If you are language agnostic, Python is a great language to start with. Many popular data science libraries such as numpy and pandas are written in Python, and there is increasing support for Python in big data processing frameworks such as PySpark.
Python also has a syntax that is easy to comprehend for someone new to programming.
3. Learn a tool for data visualization.
Visualization tools enable data analysts to disseminate their findings in the form of automated dashboards to business users, with an intuitive drag-and-drop interface that allows less technical folks slice and dice data.
Tools like Tableau, PowerBI, and Looker are ubiquitous in organizations.

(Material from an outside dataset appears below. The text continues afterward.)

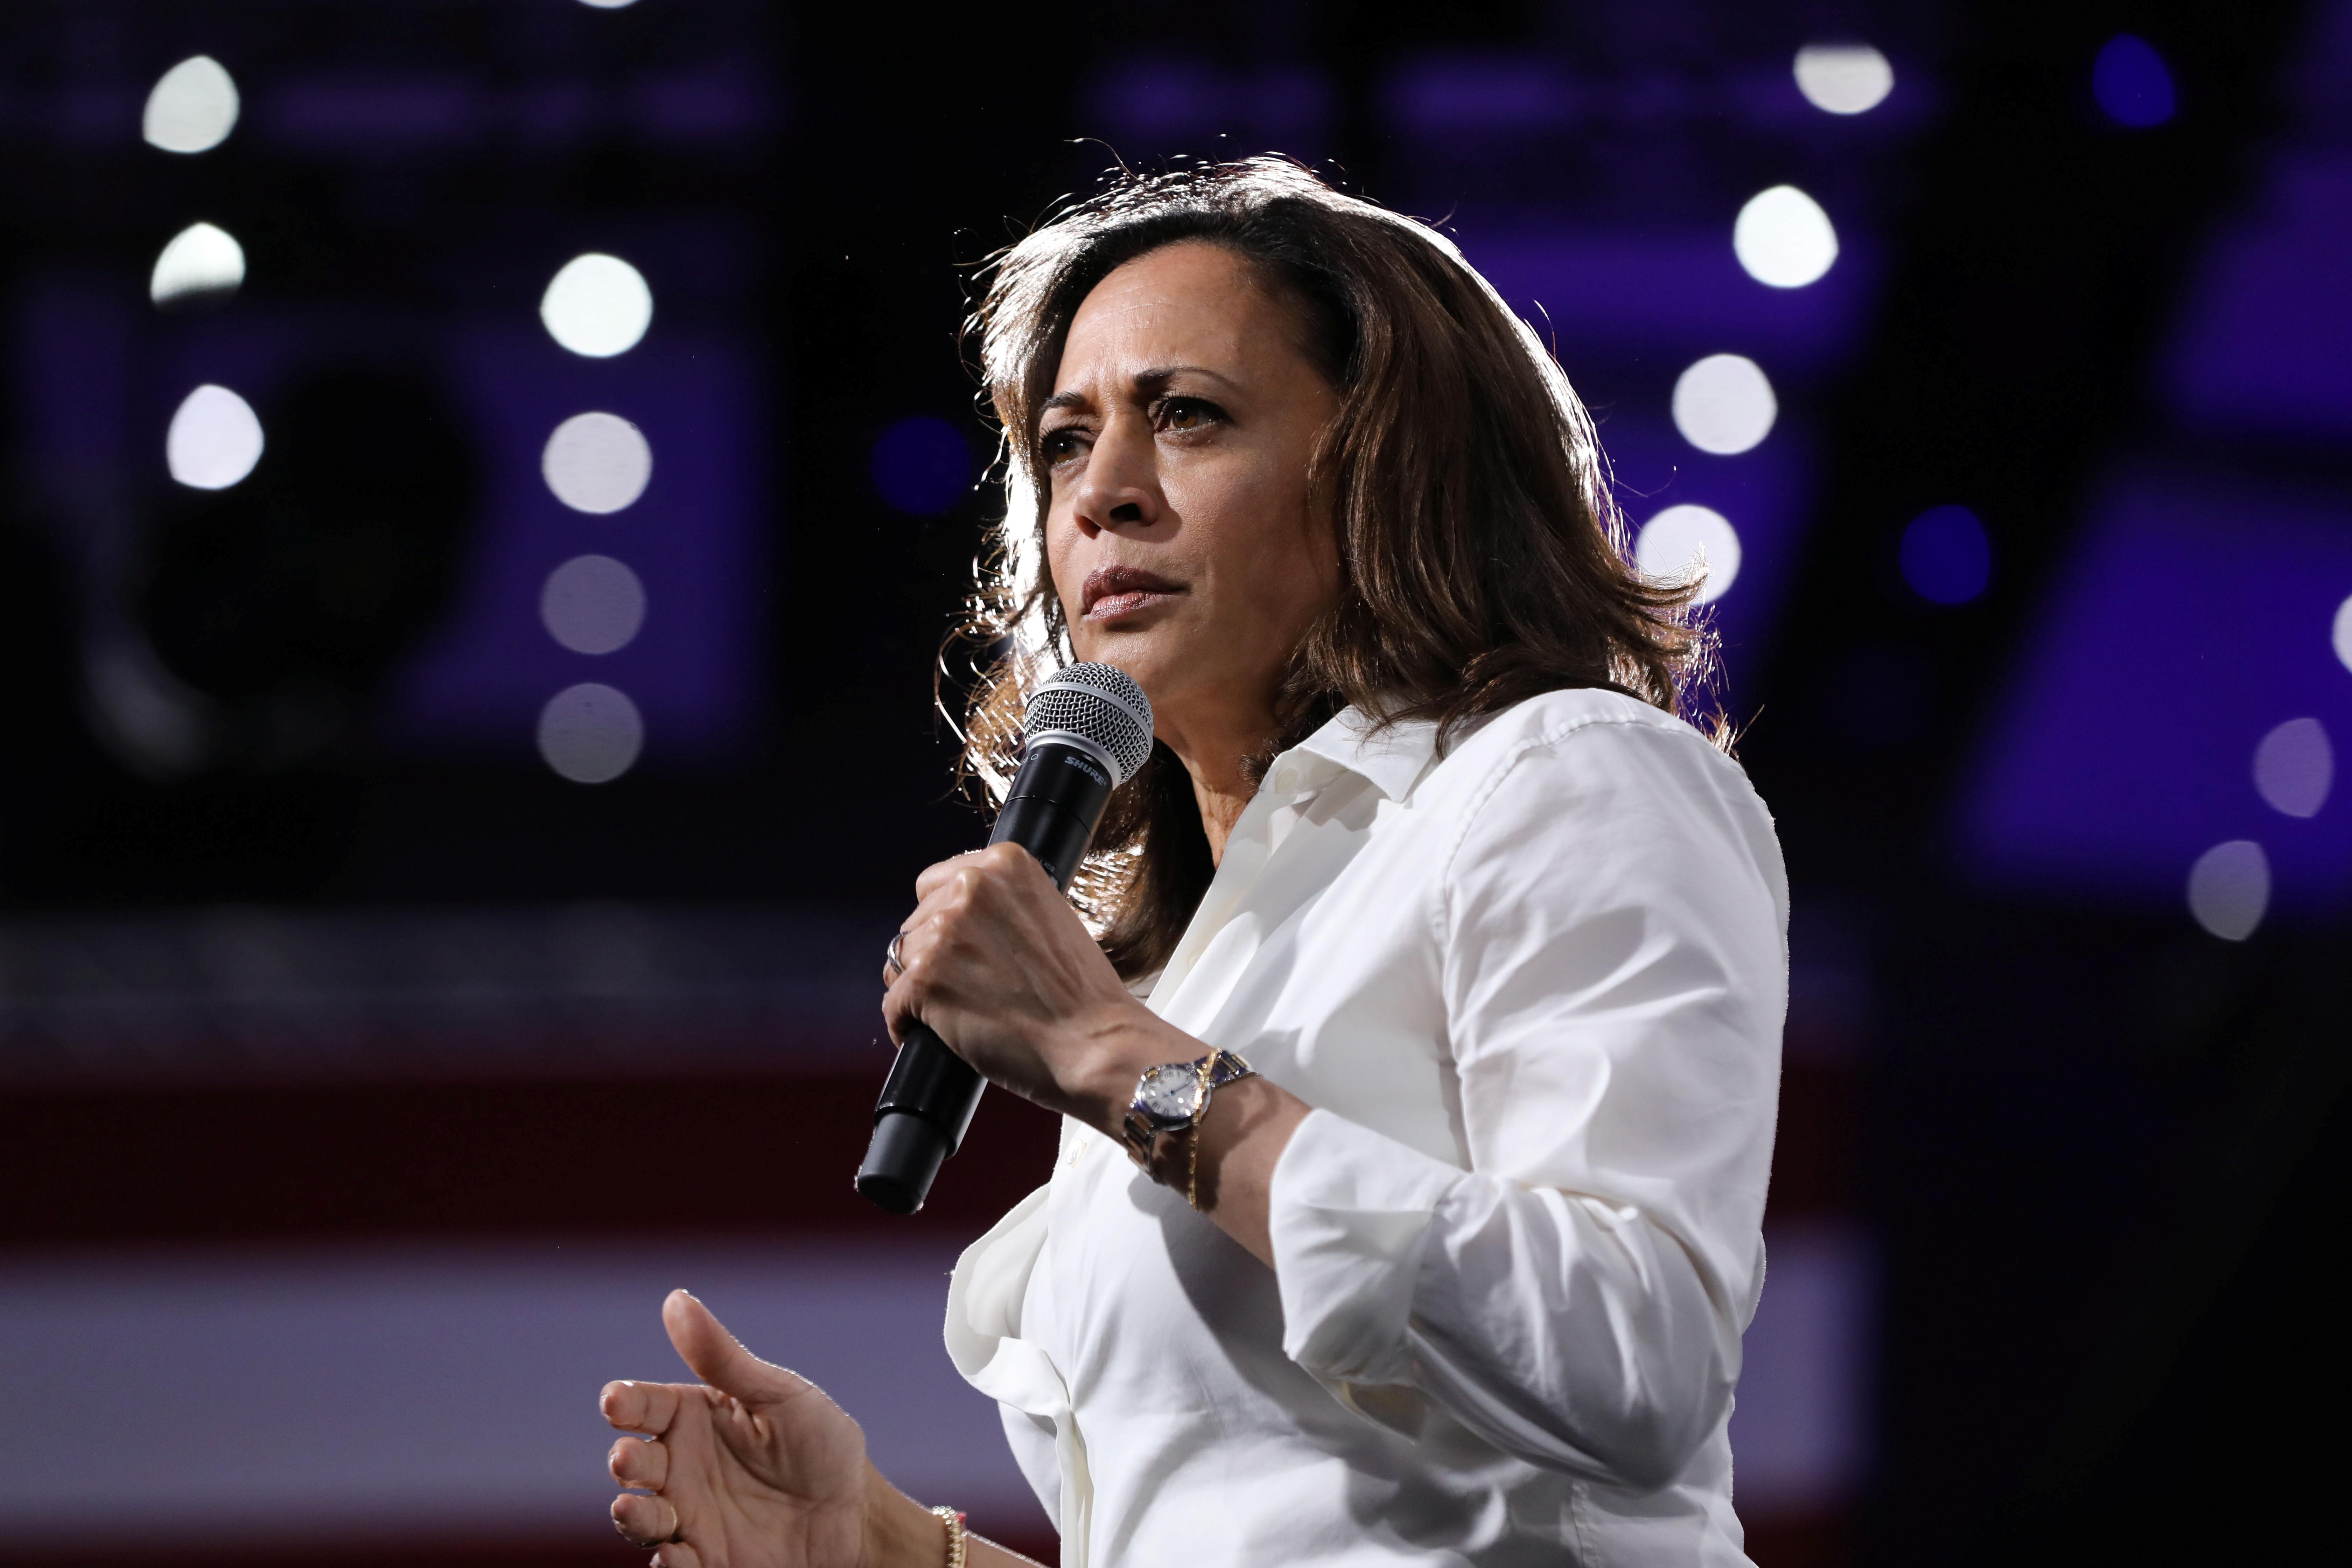 2020 Democratic U.S. presidential candidate and U.S. Senator Kamala Harris speaks during the Presidential Gun Sense Forum in Des Moines

While these tools provide similar features across the board, there are minor nuances when comparing different tools. The good news is that learning one will allow you to transfer the knowledge you have obtained to other tools.

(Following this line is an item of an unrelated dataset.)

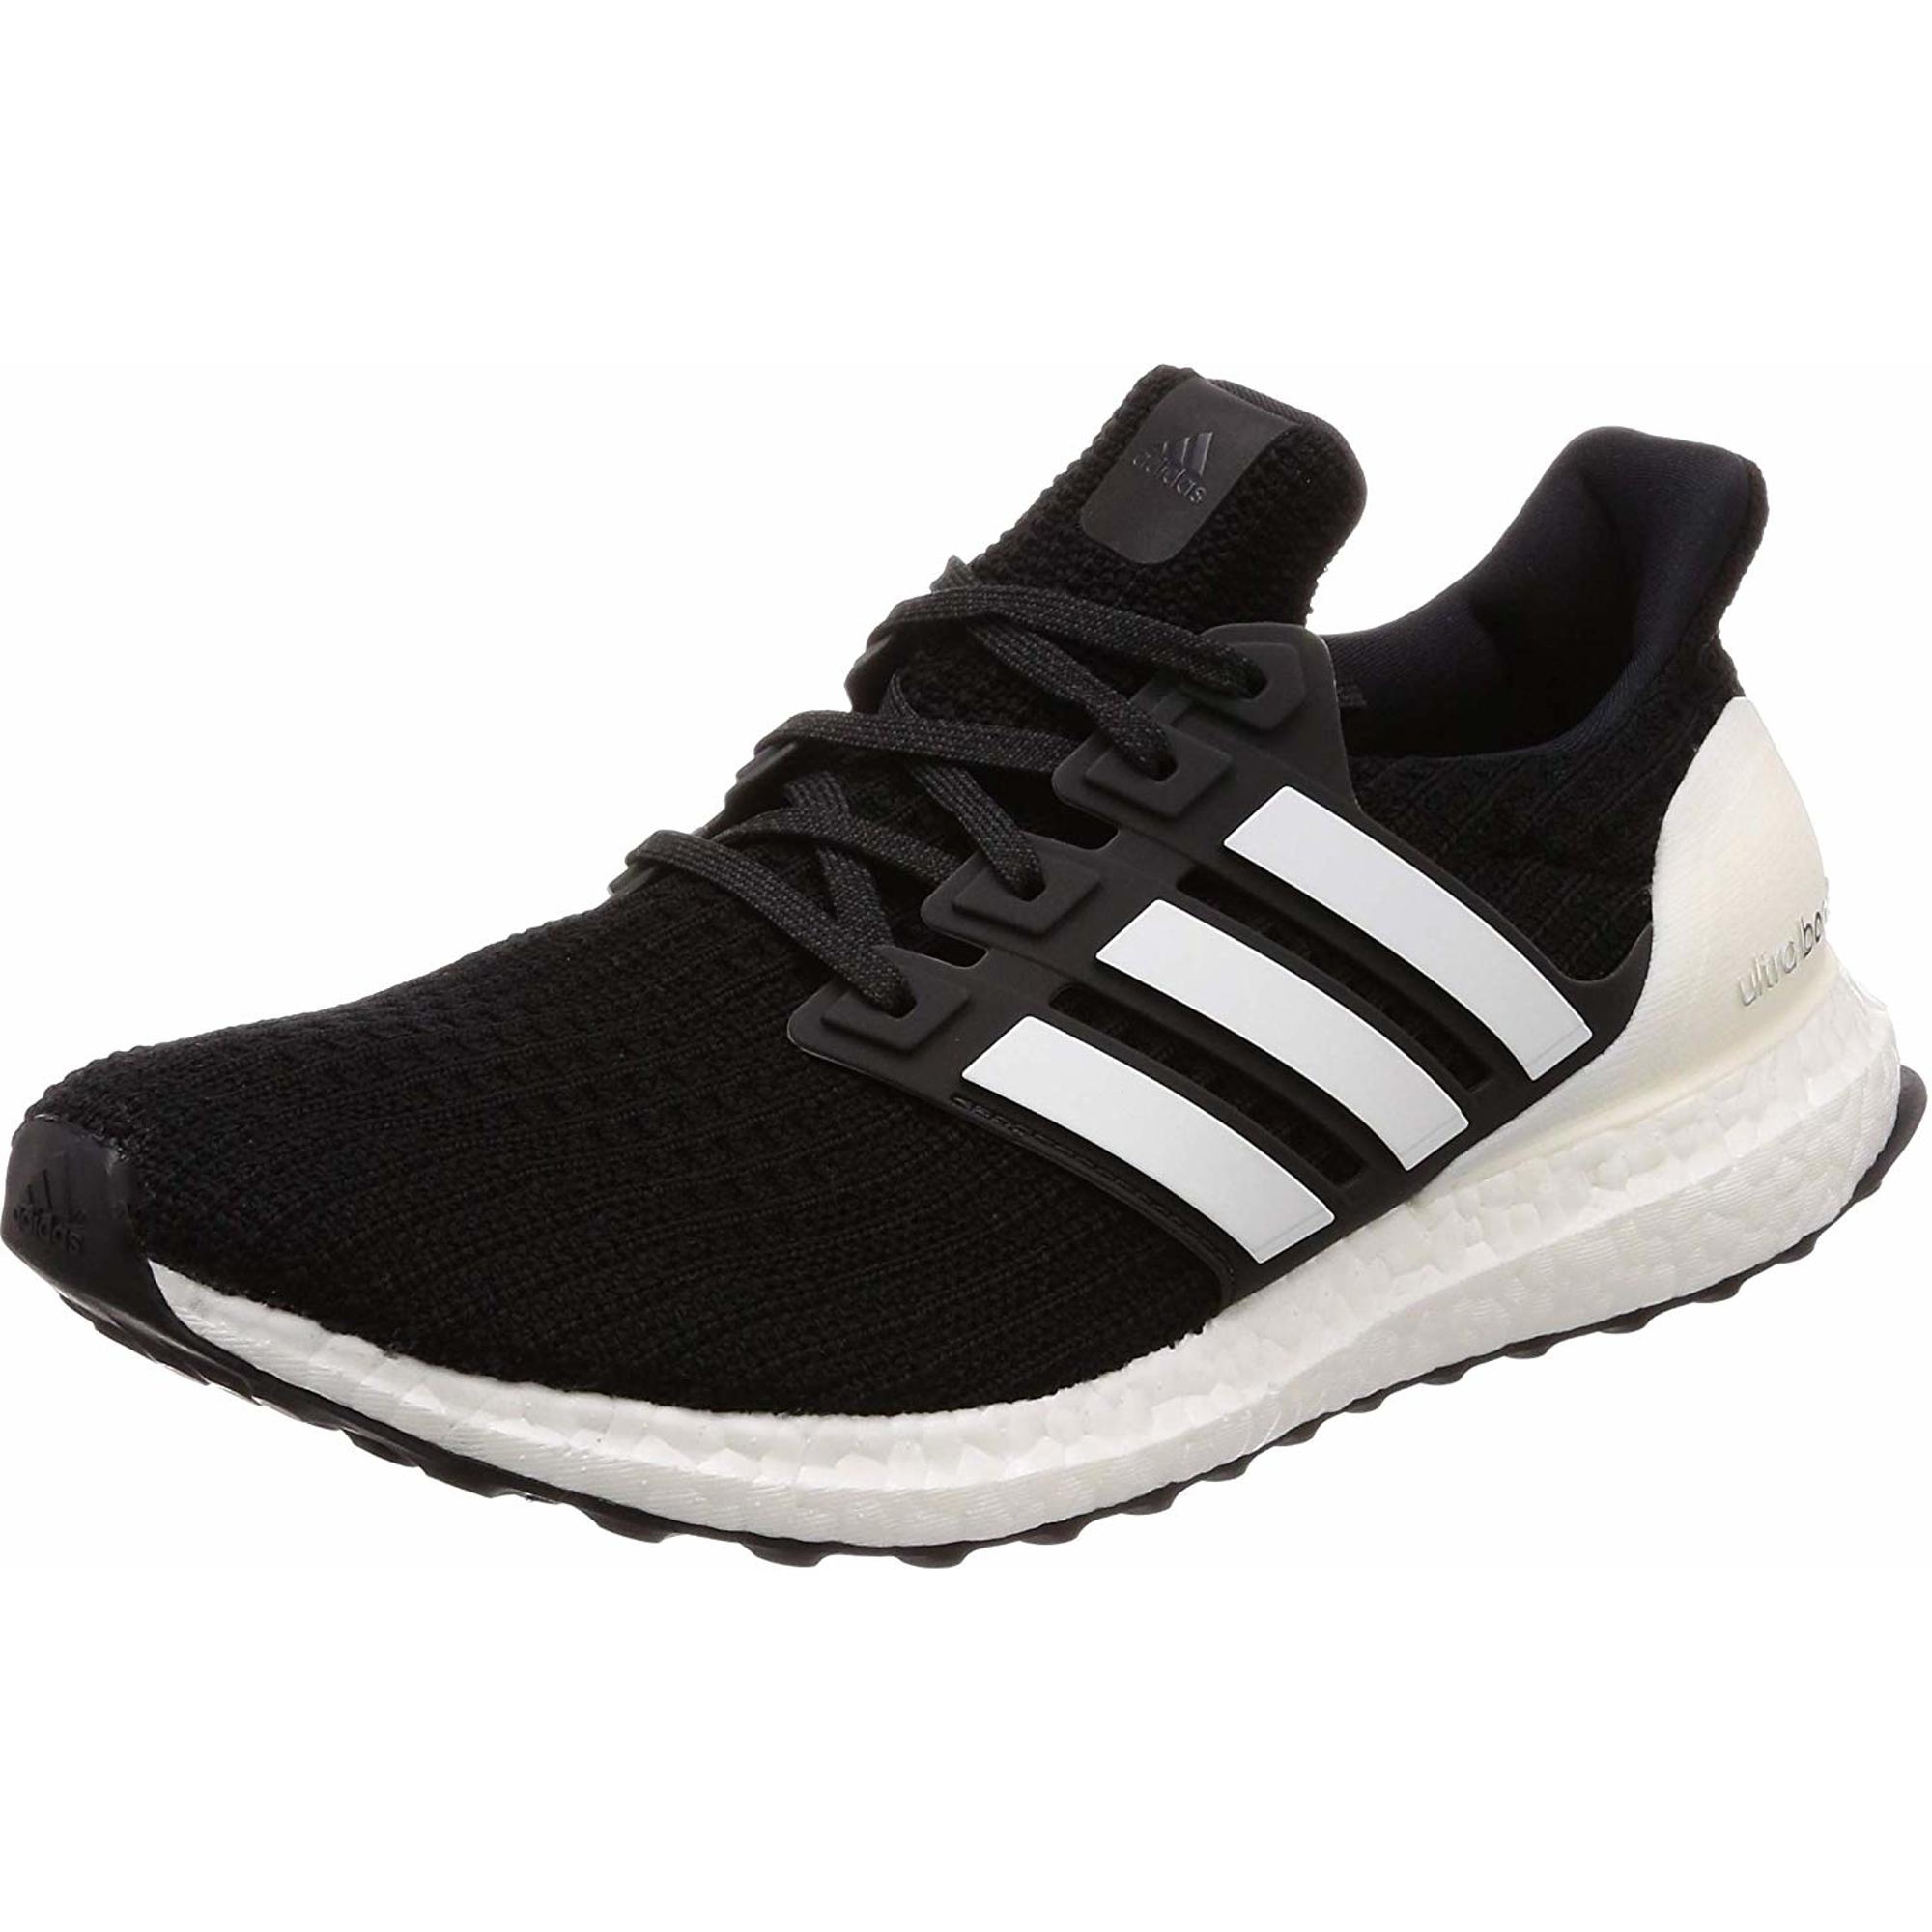 adidas ultra boost noir et blanc

Visualization tools are relatively intuitive to learn compared to SQL or Python, so pick one and roll with it. Tableau and Looker are both good choices with widespread adoption in many organizations.
4. Pick a problem space you are passionate about.
A lot of a data analyst’s day-to-day involves breaking down the business problem into a set of questions that can be answered using data.
The kinds of problems you face at an eCommerce company will be vastly different from those faced by a manufacturing company for example. In other words, being a good data analyst in an eCommerce company does not mean you’ll be able to come in and excel as a data analyst in a bank.
Domain knowledge and expertise matters. I would argue it is just as important as your technical abilities because it allows you to narrow down the scope of data to analyze. Your experience will guide you to the best areas in the data to mine for insights, enabling you to be more efficient at your job.
If there is a certain problem space that compels you to explore the underlying dataset, go ahead and build an awesome personal project showing the insights and actionable recommendations you found for that particular domain.
You can then host your project on Github. Alternatively, Tableau also allows users to post their own data visualization project on their site gallery.
This is the most effective way to land a job if you have no prior working experience, as it demonstrates initiative and skill to hiring managers and recruiters, and shows that you are passionate to make an impact in that particular industry or domain.
5. Revise basic statistical knowledge
Finally, a data analyst should have basic understanding of statistics, A/B testing, and online experiments.
Any company with a web or mobile app will definitely design experiments to validate whether new product features have improved metrics for the company, for example ARPU.
Often, product managers will look to data analysts to help design such experiments. To do so, understanding hypothesis testing, significance levels, p-values, sample size, Type I / Type II errors, and the various factors that could invalidate your test results are essential.
Peep Laja has done an excellent primer on A/B testing that covers these topics in depth.
Final Thoughts and Advice
Phew, and that’s it! That was a lot to take in. With some tenacity and a bit of luck, you are well-equipped on your way to landing that first data analyst job in no time.
It must be mentioned that the world of data changes rapidly, with new tools coming out every few months. If you relish a challenge, data is an extremely dynamic field to build your career and I’m sure you won’t regret your decision.
Just remember, no one had it easy, and learning these things take time, so don’t try to learn everything at once, otherwise you’ll find yourself getting overwhelmed. Instead, focus on reaching proficiency with one or two tools first and build an awesome project with what you’ve learned.
Practice makes perfect, it is crucial to apply the skills you have learned to real-world problems to internalize how they work. Once you’ve reached proficiency with a programming language or a visualization tool, the next one becomes much easier to learn.
A piece of parting advice is to be flexible, keep an open mind, and experiment with new tools often to keep up with the pace of change in the data world. With that, I wish you all the best in your journey!